この二つの作品は合わせ鏡の様に対の世界が描かれているのが面白い特徴です。
やはり『ハーモニー』も深く考えさせられる内容で、各個人の健康状態が国によって全て管理され健康を維持する。未来ではこうなっているかもしれないし、病気も無く平和と聞くと素晴らしい世界だと感じるが、実際には何の不安も不満無い訳ではないし何を持って『平和』と呼ぶのかその『意識』が重要なテーマに感じられました。

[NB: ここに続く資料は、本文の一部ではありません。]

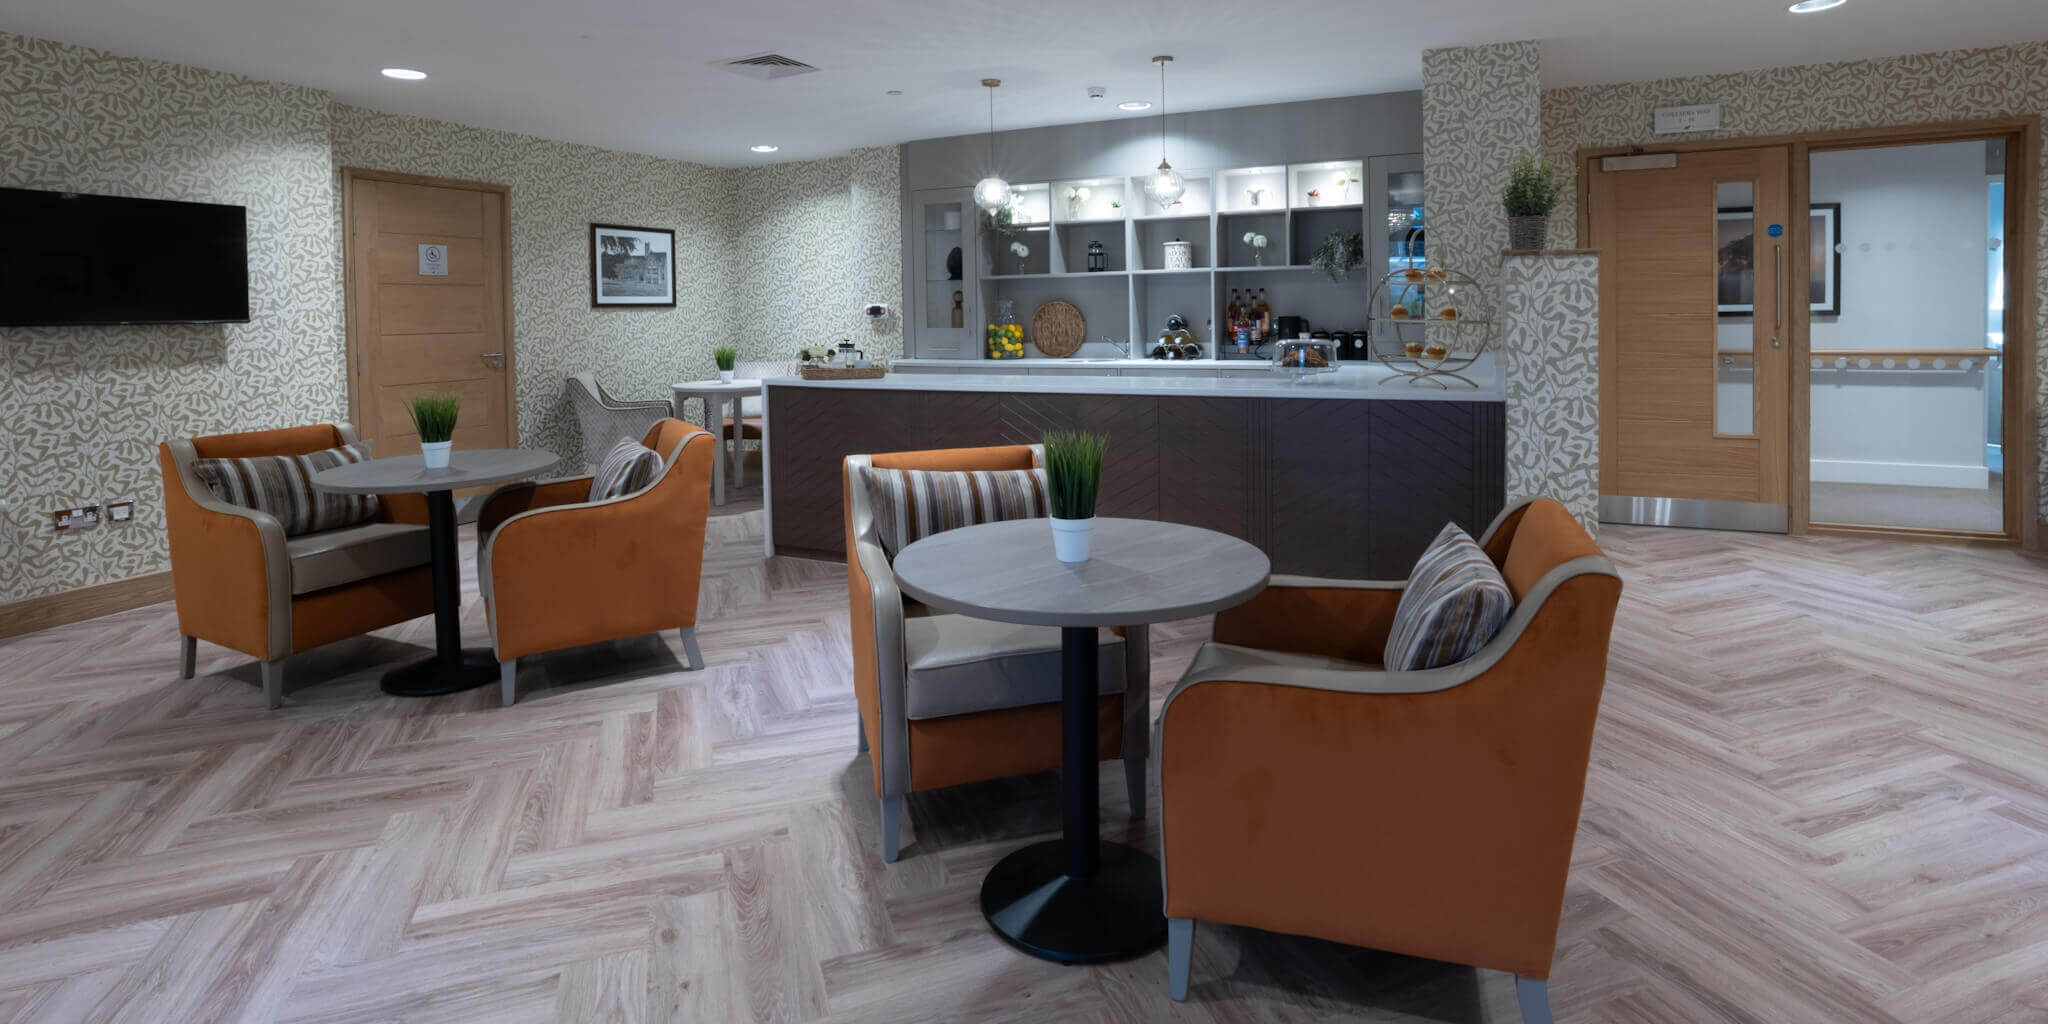 Cafe and Seating at Rowan Park Care Home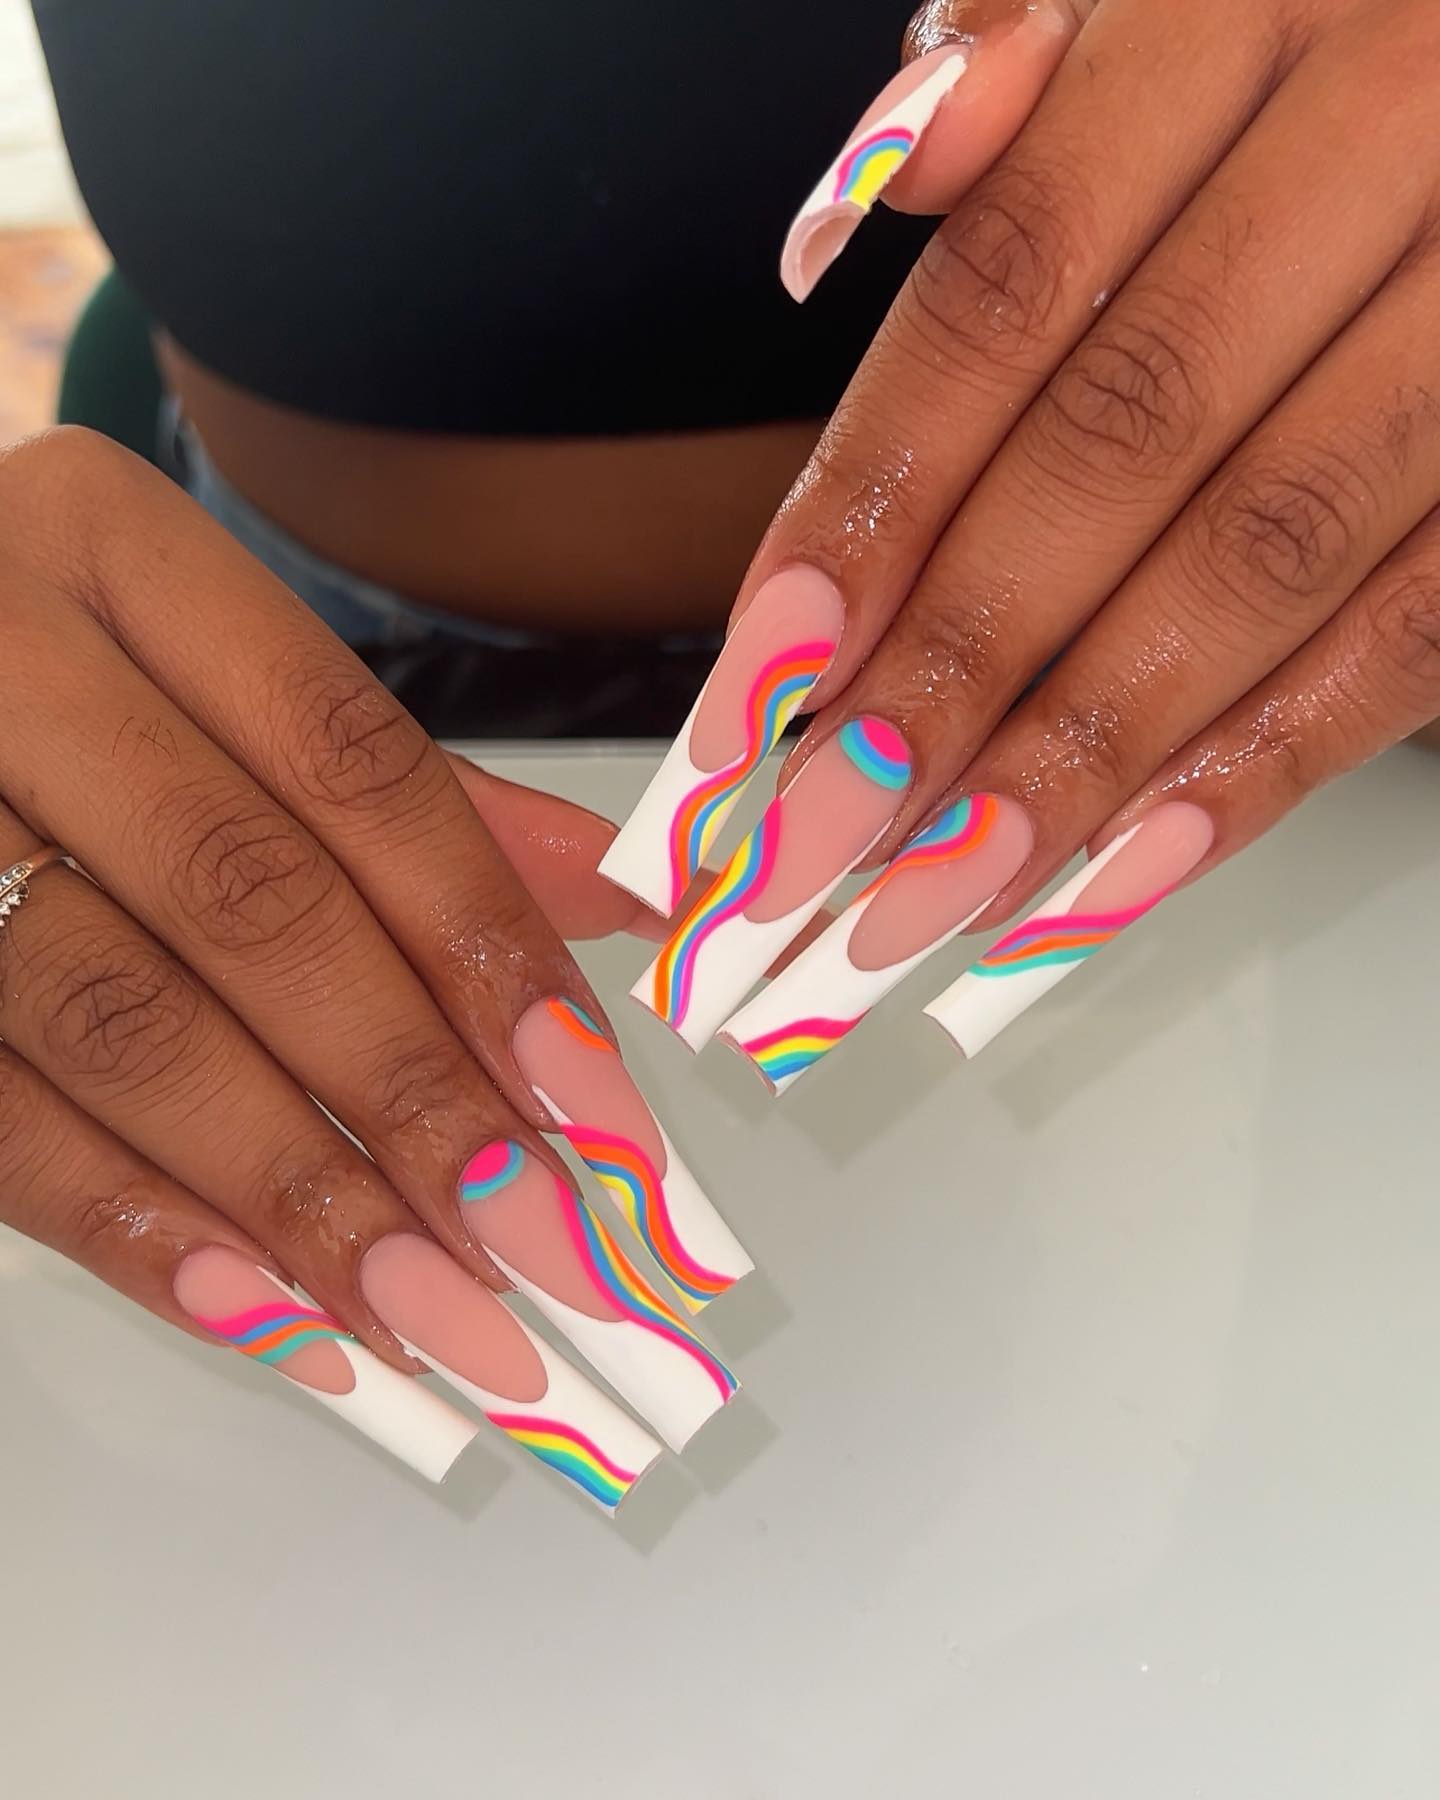 White French Tips With Abstract Design

なによりも思うことは伊藤計劃氏がこの作品を癌との闘病の中書き上げているという事。
伊藤計劃氏の訴えかける強い想いが感じられます。
・『屍者の帝国』
紹介したい3つの作品。最後の1つが『屍者の帝国』ですが、実は私はこの作品を読んでいません。
伊藤計劃氏がこんなに凄い人なんだ!と言ってる人がまさか読んでいないなんて。。、
と思う方も居ると思います。すいません。。
私がこの作品を読んでいない理由はこの作品が特殊な作品だからです。
『屍者の帝国』の冒頭、草稿30枚を執筆したところで伊藤計劃氏はこの世を去りました。
その書き残した草稿を、伊藤計劃氏と親しく、同時期にデビューした作家円城塔氏が、遺族の承諾を得て、完成させた作品が『屍者の帝国』です。
私は円城塔氏が嫌いな訳でも『屍者の帝国』の内容が嫌いな訳でも無いですが、何となく読む姿勢になれませんでした。
私が『虐殺器官』『ハーモニー』を読んだのはもう5年ほど前になると思いますが、この記事を書いているいま『屍者の帝国』を読んでみようかなという気持ちが少し芽生えてきました。
近いうちに読んでみようかと思っているのでその際はまた感想をあげたいと思います。
皆さんも外出自粛などで家で過ごす時間が多くなっていると思いますのでこの機会に伊藤計劃氏の作品を本でも映画でも興味が湧いたら観てみて下さい!
最後まで読んで頂きありがとうございました。ではまた。